Garhter, you are an impressive squirrel hunter! I managed only one but saw 3 on Saturday. I jumped more deer than squirrels. What's your favorite recipe and how do you prepare the squirrels before you cook them off? I'm struggling on finding a recipe I like.


----------



## garhtr

After cleaning and cutting into pieces I soak in salt water overnight, rinse before freezing or cooking. 
My favorite is squirrel gravy n biscuits, roll pieces in bisquick or flour, brown both sides in hot butter then place pieces on alum-foil in 350 oven for 20 - 25 mins while you make gravy in your skillet. If your squirrels are old and tough cover with foil for the first 15 - 20 mins while in the oven, makes them a little more tender
I smoke a lot of them (excellent) and bar-bq a few in the crockpot,
Slow cook in crockpot and remove meat from bone and make Brunswick stew---(tomatoes, potatoes, carrots, corn, celery, onions) or even chili.
I've thought about grilling a few with bacon and jalapenos but haven't tried it yet--- 
I'm ready for some cooler mornings !
Good luck and good hunting !


----------



## ShenangoEyes

Copied from another site, but a personal favorite, although I cook mine in a pressure cooker for about 20 mins... Squirrel jambalaya

Take a couple squirrels, quarter them, dredge in flour, and brown them in a dutch oven in about a quarter cup of olive oil. When browned, remove them. Add a quarter cup flour and cook it over low heat for one to two beers. Add and sautee 1 cup of chopped green pepper, one cup chopped onion, and one cup chopped celery for about five minutes or until the onions start to get clear. Add one cup chicken stock, and scrape up all those stuck goodies on the bottom of the pan. Add one regular can of diced tomatoes and as much chopped garlic as you like. Add thyme and basil, along with cayenne pepper, salt and black pepper as suits your taste. Add a couple bay leaves and return the squirrels to the pot. Add just enough water to cover the critters, and bring to a boil. Cover and simmer at least the length of an NFL game. After about halftime, the meat will come off the bones--debone the squirrels, return the meat to the pot and discard the bones. Add a couple cups of cooked rice to this, stir and serve.

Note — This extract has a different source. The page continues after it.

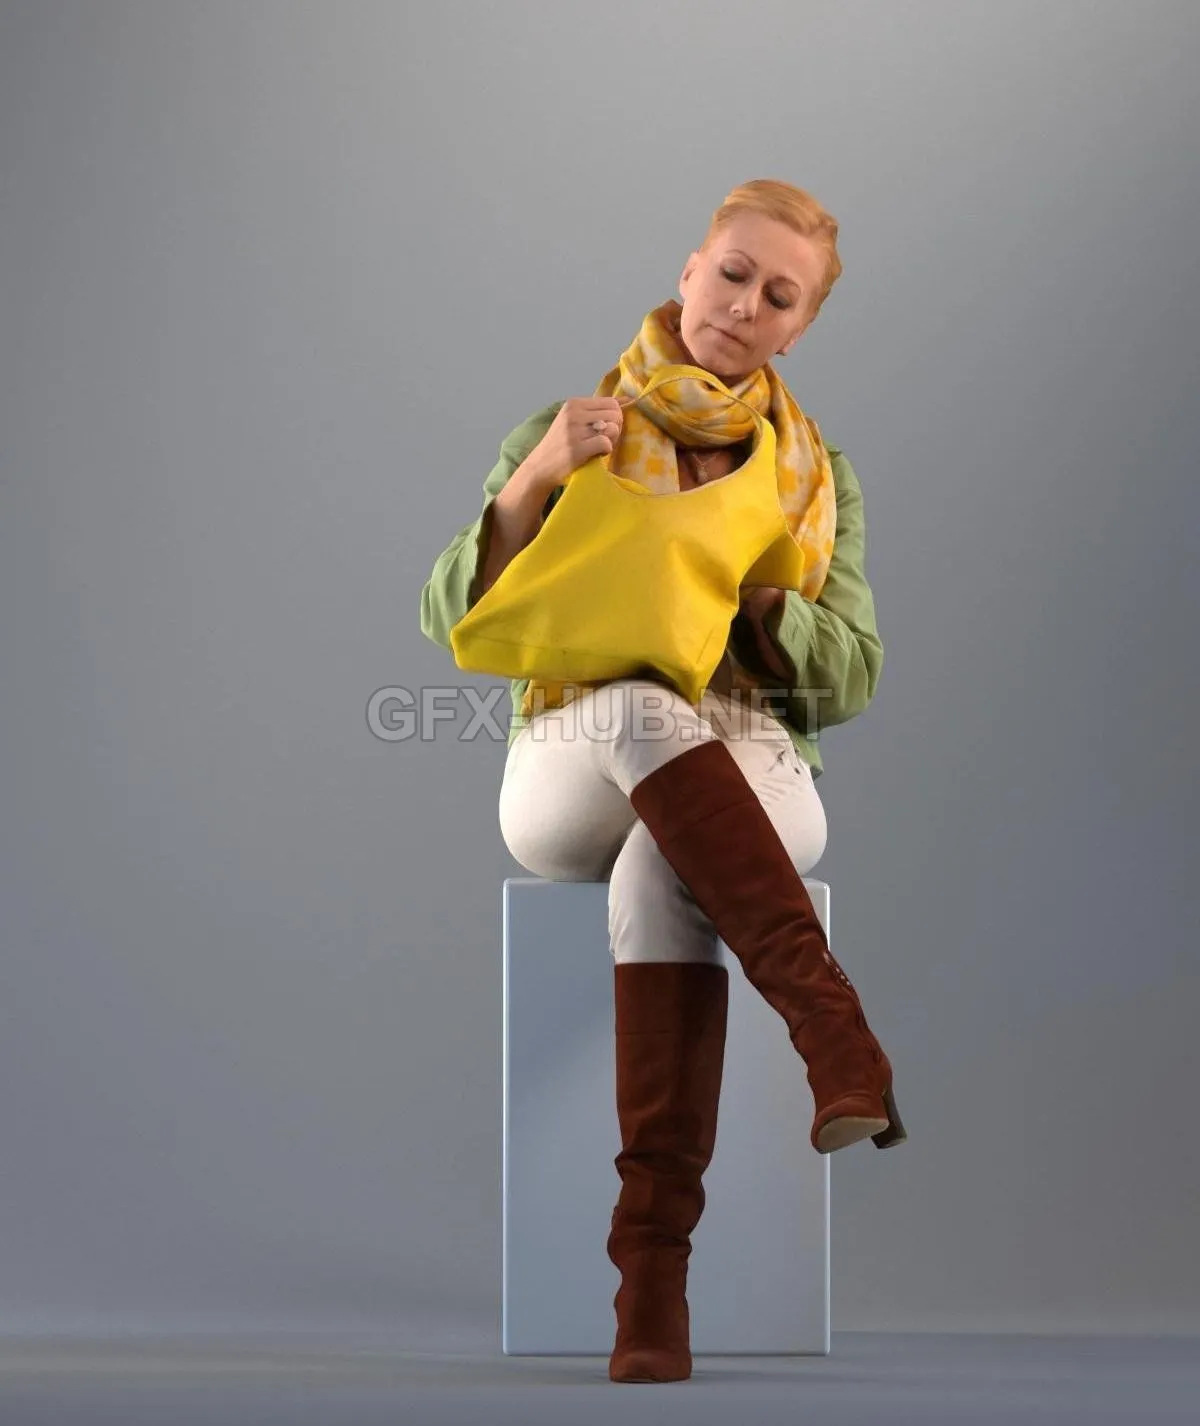 PBR Game 3D Model – Woman Sitting Holding Bag

You can add hot polish or andouille or chorizo sausage to this. I'd recommend rendering the sausage before adding it, or it will make the jambalaya greasy. You can also add about any other game meat to this dish.


----------



## M R DUCKS

ShenangoEyes...
...perfect "timing" instructions...!


----------



## garhtr

The cool weather was a blessing and they're Still working on the hickory's in my area, plenty of white oaks but squirrels are not eating them yet.
Sad note, almost no walnuts in my area , two years in a row.
Good luck and good hunting !


----------



## $diesel$

Caught part of a story on the news this morning about a NEW disease hitting the beech trees. Causes the leaves to appear tiger striped. Didn't hear the final outcome, but the ODNR wants us to report any we see.


----------



## garhtr

$diesel$ said:


> Caught part of a story on the news this morning about a NEW disease hitting the beech trees. Causes the leaves to appear tiger striped. Didn't hear the final outcome, but the ODNR wants us to report any we see.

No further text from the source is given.